Directions for this task — Say how many lines in the records include the string "Vintage", adding no other words.

Exercise data —
☆ ☆ ☆ ☆ ☆ ☆ ☆

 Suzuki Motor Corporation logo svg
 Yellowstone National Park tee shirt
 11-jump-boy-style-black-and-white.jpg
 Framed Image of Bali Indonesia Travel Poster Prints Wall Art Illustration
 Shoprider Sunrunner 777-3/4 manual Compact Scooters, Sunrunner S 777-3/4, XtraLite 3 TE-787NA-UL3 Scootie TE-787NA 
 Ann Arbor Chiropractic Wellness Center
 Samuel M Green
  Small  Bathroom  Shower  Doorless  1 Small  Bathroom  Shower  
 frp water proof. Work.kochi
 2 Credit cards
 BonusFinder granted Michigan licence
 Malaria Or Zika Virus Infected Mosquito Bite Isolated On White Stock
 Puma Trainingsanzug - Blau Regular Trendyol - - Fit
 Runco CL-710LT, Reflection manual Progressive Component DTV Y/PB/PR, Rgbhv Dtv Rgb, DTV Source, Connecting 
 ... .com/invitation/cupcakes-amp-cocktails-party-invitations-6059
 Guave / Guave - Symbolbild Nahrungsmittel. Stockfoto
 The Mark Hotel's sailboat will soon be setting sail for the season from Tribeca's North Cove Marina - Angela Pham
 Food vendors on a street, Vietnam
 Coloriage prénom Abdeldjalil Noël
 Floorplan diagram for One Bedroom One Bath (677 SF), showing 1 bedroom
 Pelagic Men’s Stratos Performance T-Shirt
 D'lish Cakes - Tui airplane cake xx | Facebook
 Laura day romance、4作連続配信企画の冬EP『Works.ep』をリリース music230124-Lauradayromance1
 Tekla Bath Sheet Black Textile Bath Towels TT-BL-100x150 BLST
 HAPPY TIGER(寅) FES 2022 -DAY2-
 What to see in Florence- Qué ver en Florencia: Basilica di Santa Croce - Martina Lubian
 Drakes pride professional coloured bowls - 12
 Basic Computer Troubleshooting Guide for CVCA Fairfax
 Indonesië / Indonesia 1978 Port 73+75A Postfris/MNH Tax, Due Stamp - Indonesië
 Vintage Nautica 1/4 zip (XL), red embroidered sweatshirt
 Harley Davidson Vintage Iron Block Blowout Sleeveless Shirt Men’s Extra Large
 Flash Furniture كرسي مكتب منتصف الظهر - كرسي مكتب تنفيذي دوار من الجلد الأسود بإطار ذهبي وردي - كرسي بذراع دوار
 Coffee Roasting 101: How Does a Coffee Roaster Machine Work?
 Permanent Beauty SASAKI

☆ ☆ ☆ ☆ ☆ ☆ ☆

Written answer — 2